Таня взглянула на Васильеву-дочку. Лет тридцать пять, мощные, без намека на покатость плечи и заплывший жиром затылок при полном отсутствии шеи. Перспектив выйти замуж и освободиться из-под опеки матери-командирши у девки никаких. Так и состарится бедолага в неволе, не узнав, что такое женское счастье…
Вчера вечером Марина с Игорем так и не поговорила. Заранее обдуманная первая фраза: «Мне кажется, нам с тобой пора определиться…» – уже готова была сорваться с языка, когда Грохотов провел ладонью по ее груди и спросил:
– Слушай, а ты Борьку своим молоком вообще не кормила, что ли?
Марина приподнялась на кровати и во все глаза уставилась на любовника:
– Кормила. До девяти месяцев. А почему ты спрашиваешь?
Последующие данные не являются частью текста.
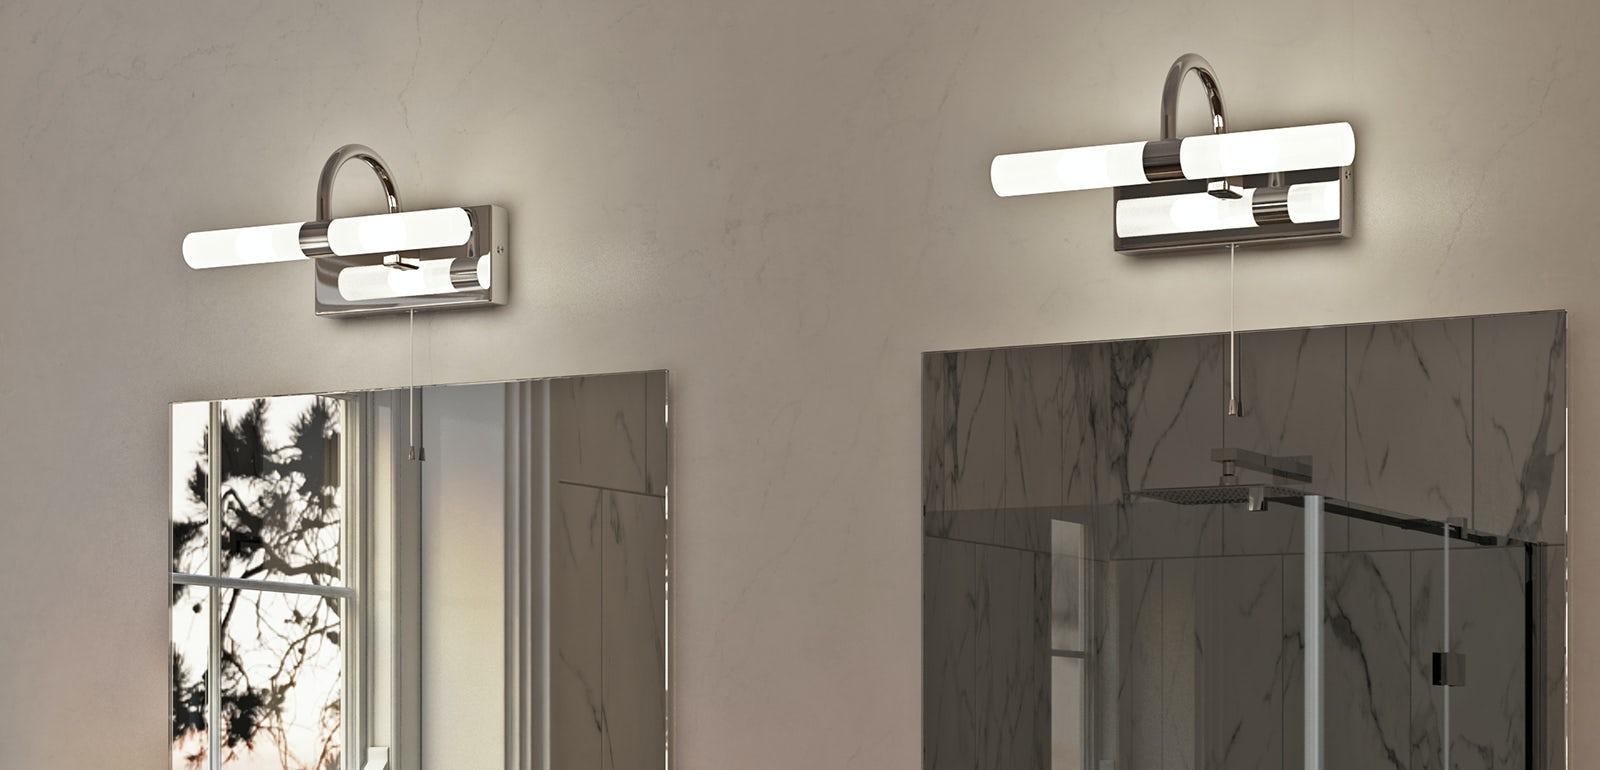 Traditional bathroom ceiling light

– И ничего потом с грудью не делала? Силикон там какой-нибудь не закачивала, мышцы не подрезала?
– Нет.
– А у тебя есть среди знакомых хороший маммолог? Или пластический хирург, который на фигуре специализируется?
– А зачем тебе?
– Да Юлька вбила себе в голову, что у нее бюст обвислый, хочет сделать коррекцию. А я против – видел как-то по телеку передачу, там про всякие осложнения рассказывали после таких операций… Все, что угодно, может быть. Вплоть до рака. Уж если ей невмоготу, пусть тщательно обследуется, и под нож – только к хорошему хирургу…
– А у нее что, правда все так критично?
Игорь с досадой махнул рукой:
– Говорю же, заклинило бабу! По-моему, вполне нормально. Не замуж же идти и не в конкурсах красоты участвовать. Лучше б еще одного ребенка родила, тогда б не до глупостей было.
– Понятно… – Марина легла на спину и закрыла глаза. К горлу подступил ком, руки сами сжались в кулаки.
– Что тебе понятно? – голос нависшего над ней Грохотова звучал раздраженно. – Ты мне этим своим «понятно» еще в самолете плешь проела!
– Все, – еле выдавила из себя Марина и повернулась на бок. – Давай спать. Уже поздно.
На глазах сами собой вскипали злые, горькие слезы. Плешь она ему в самолете проела… Сам, между прочим, первый начал, ни с того ни с сего вздумал ерничать, над Валерием издеваться: «А чего это твой чуть ли не в самолет полез? Разреши ему, и ремень бы пристегнул, и коленки пледом прикрыл…»
Марина и не огрызнулась даже, просто пробурчала: «Ну проводил и проводил… А твоя с тобой дома попрощалась?»